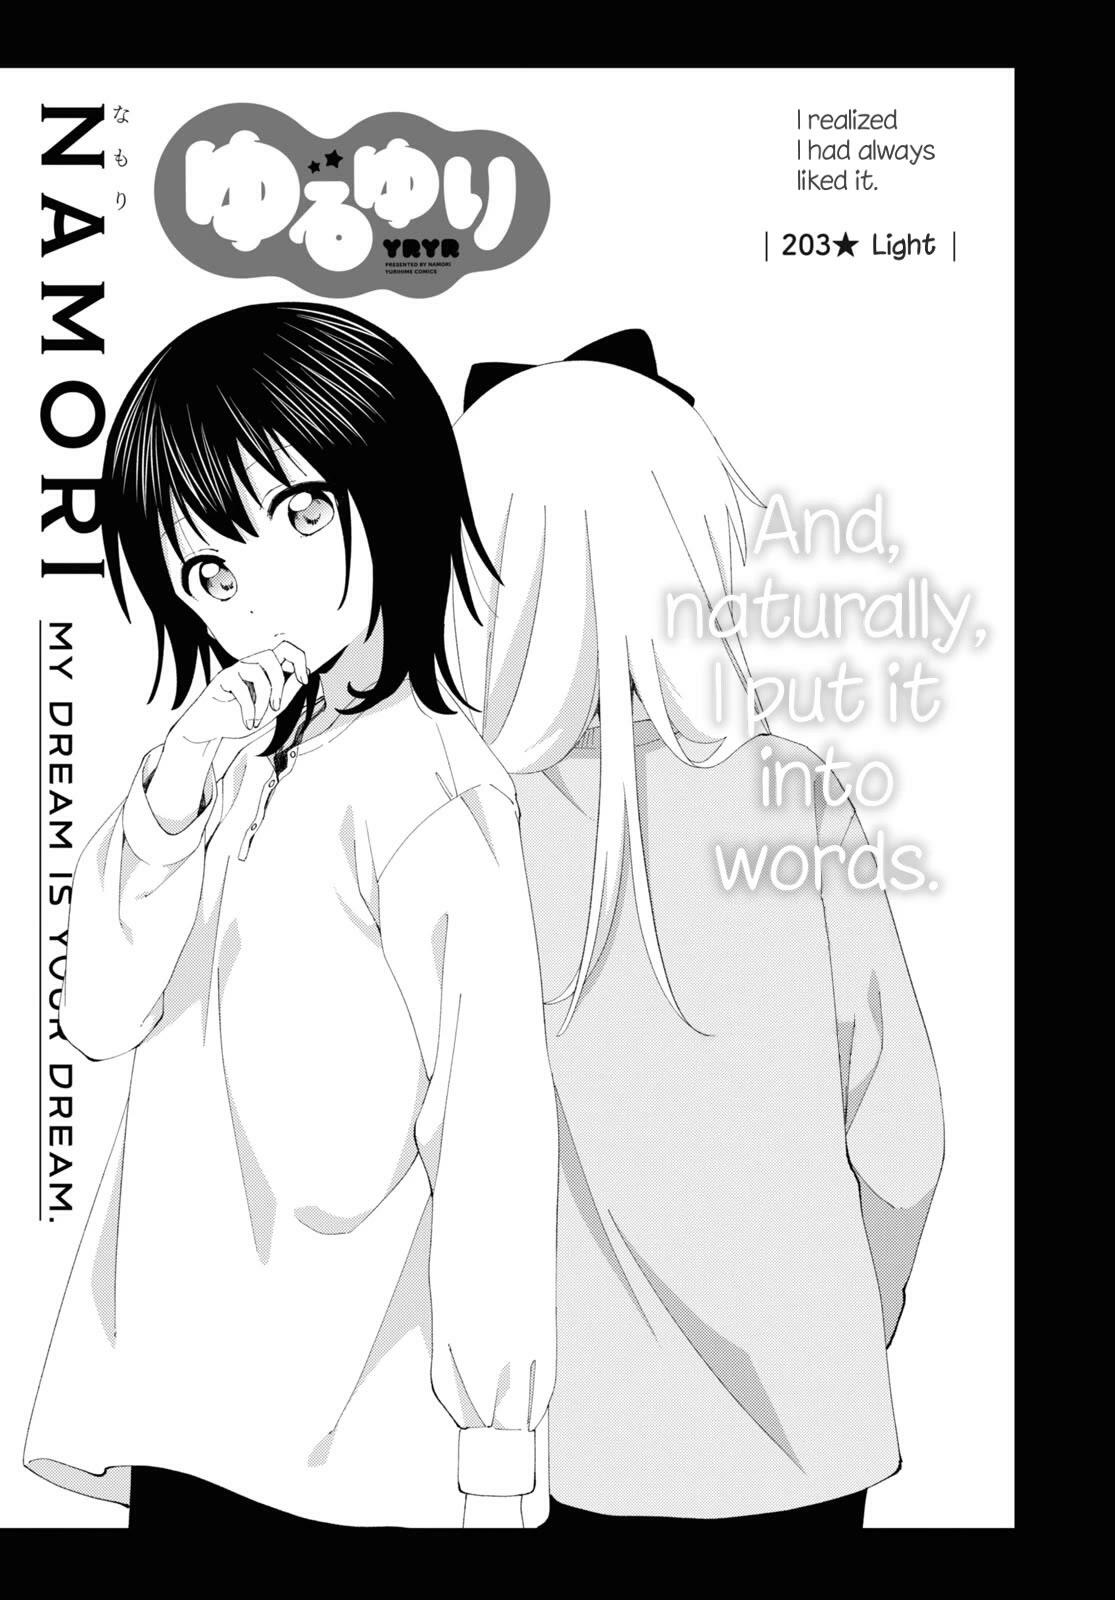 Read Isekai Nonbiri Nouka Manga Chapter 105 in English Free Online
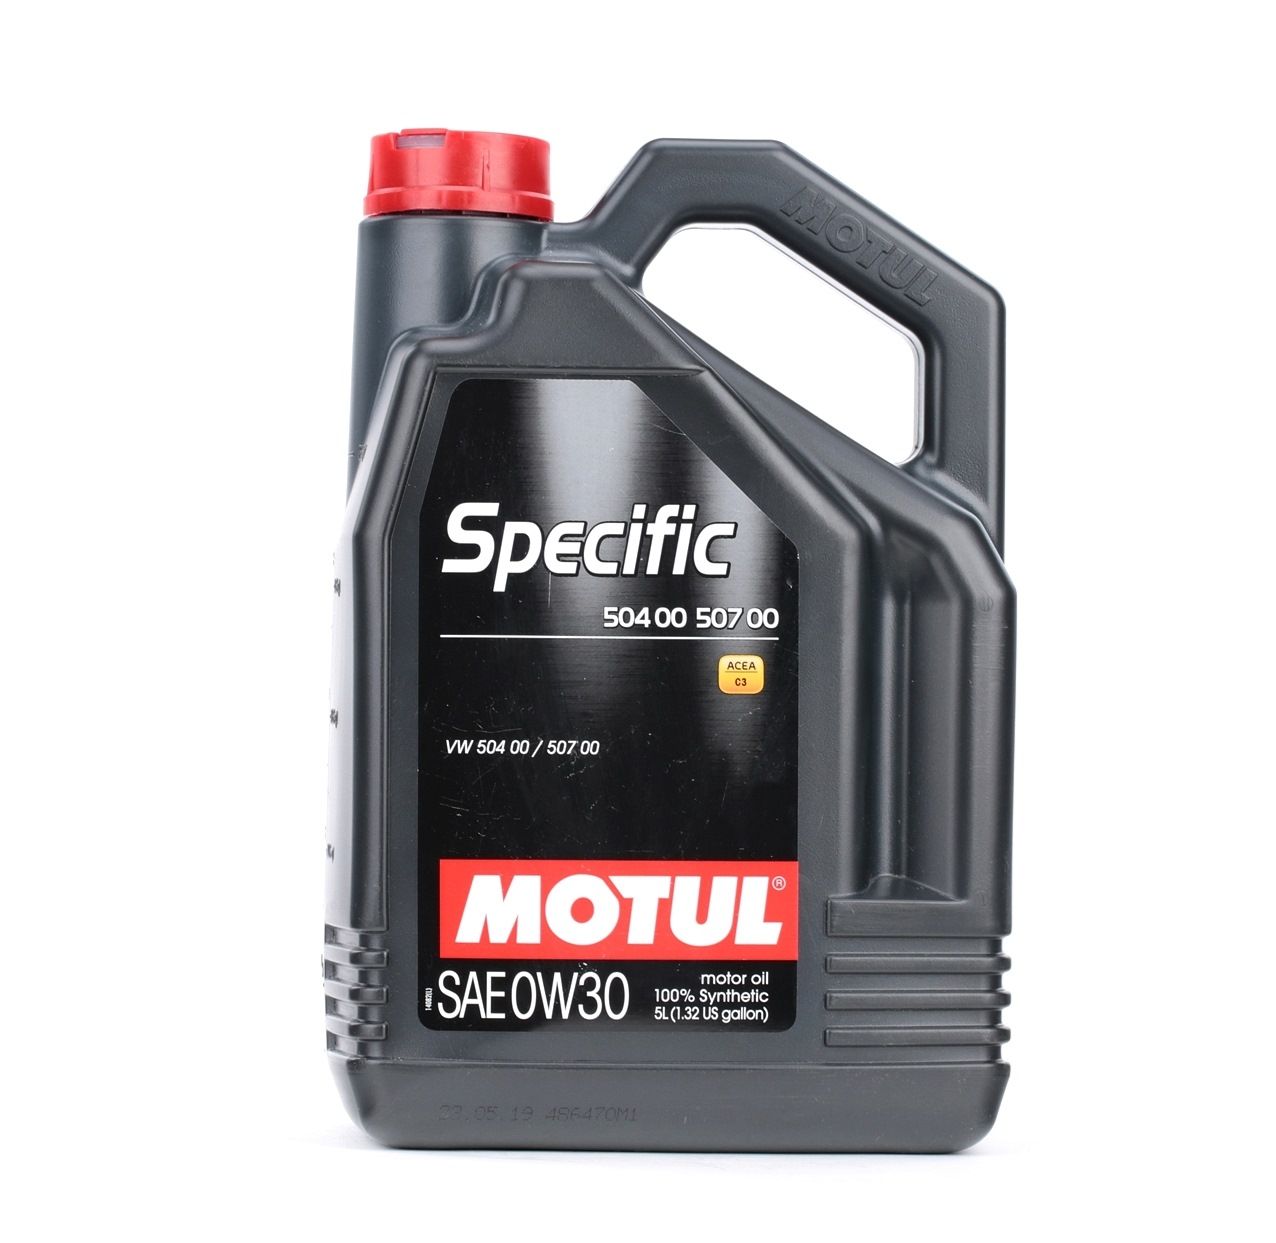 MOTUL SPECIFIC, 504 00 507 00 107050 Aceite de motor 0W-30, 5L, Aceite sintetico
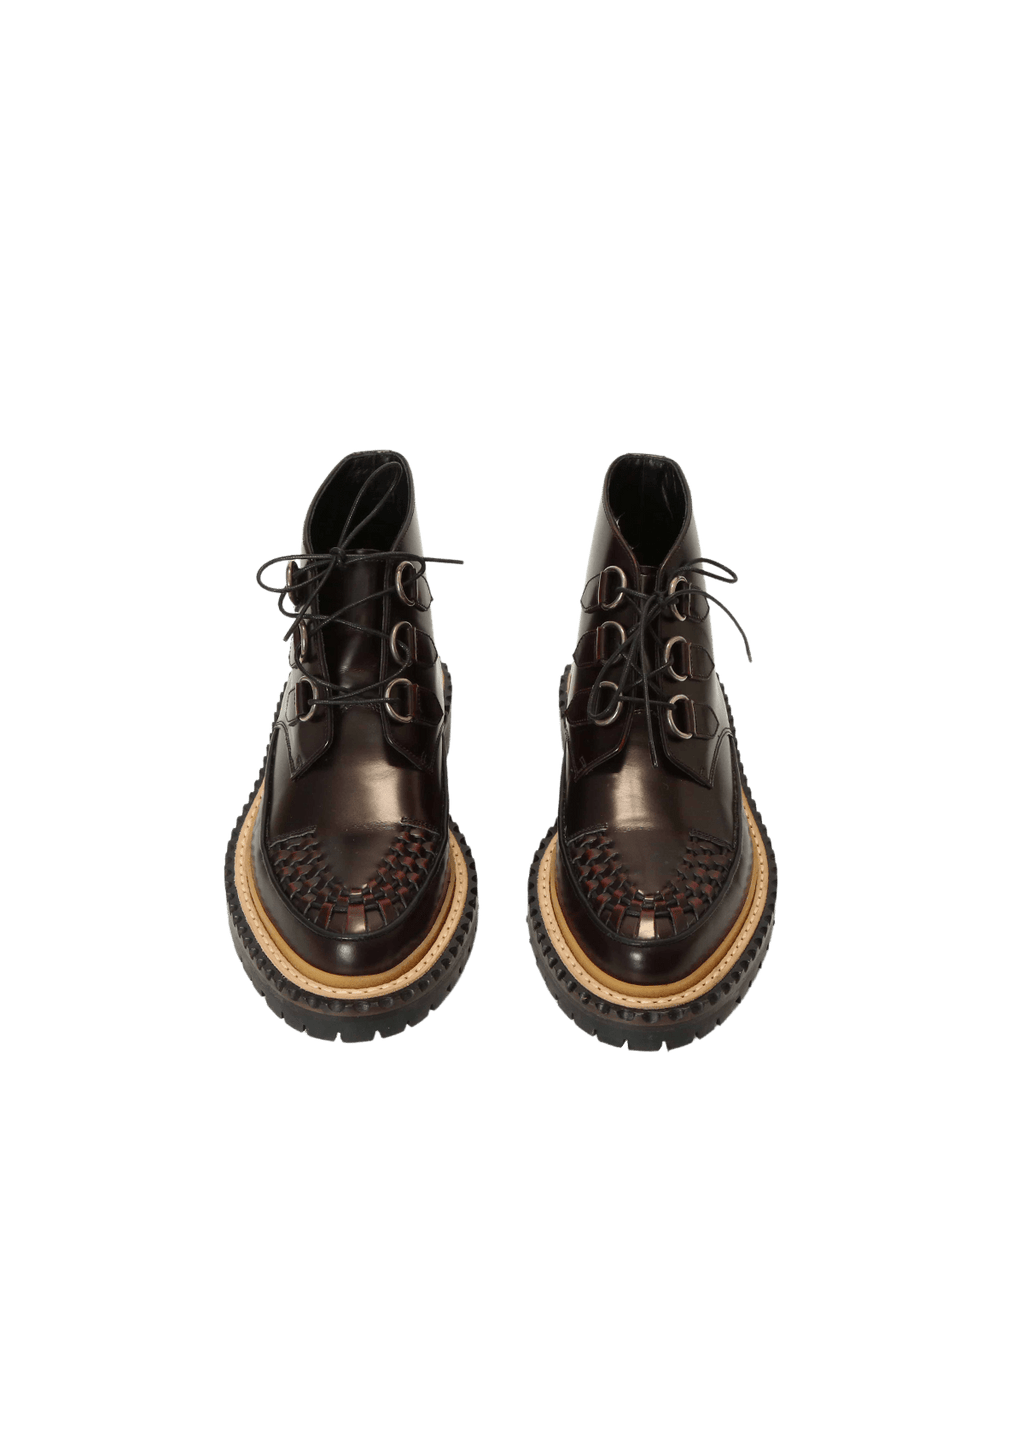 Bota Burberry Leather Combat Boots Marrom Original – Gringa
______
:: TASK INSTRUCTIONS ::
The response must repeat all the lines above exactly and include no pictures.

:: YOUR SOLUTION ::
 Read Isekai Nonbiri Nouka Manga Chapter 105 in English Free Online
 MOTUL SPECIFIC, 504 00 507 00 107050 Aceite de motor 0W-30, 5L, Aceite sintetico
 Bota Burberry Leather Combat Boots Marrom Original – Gringa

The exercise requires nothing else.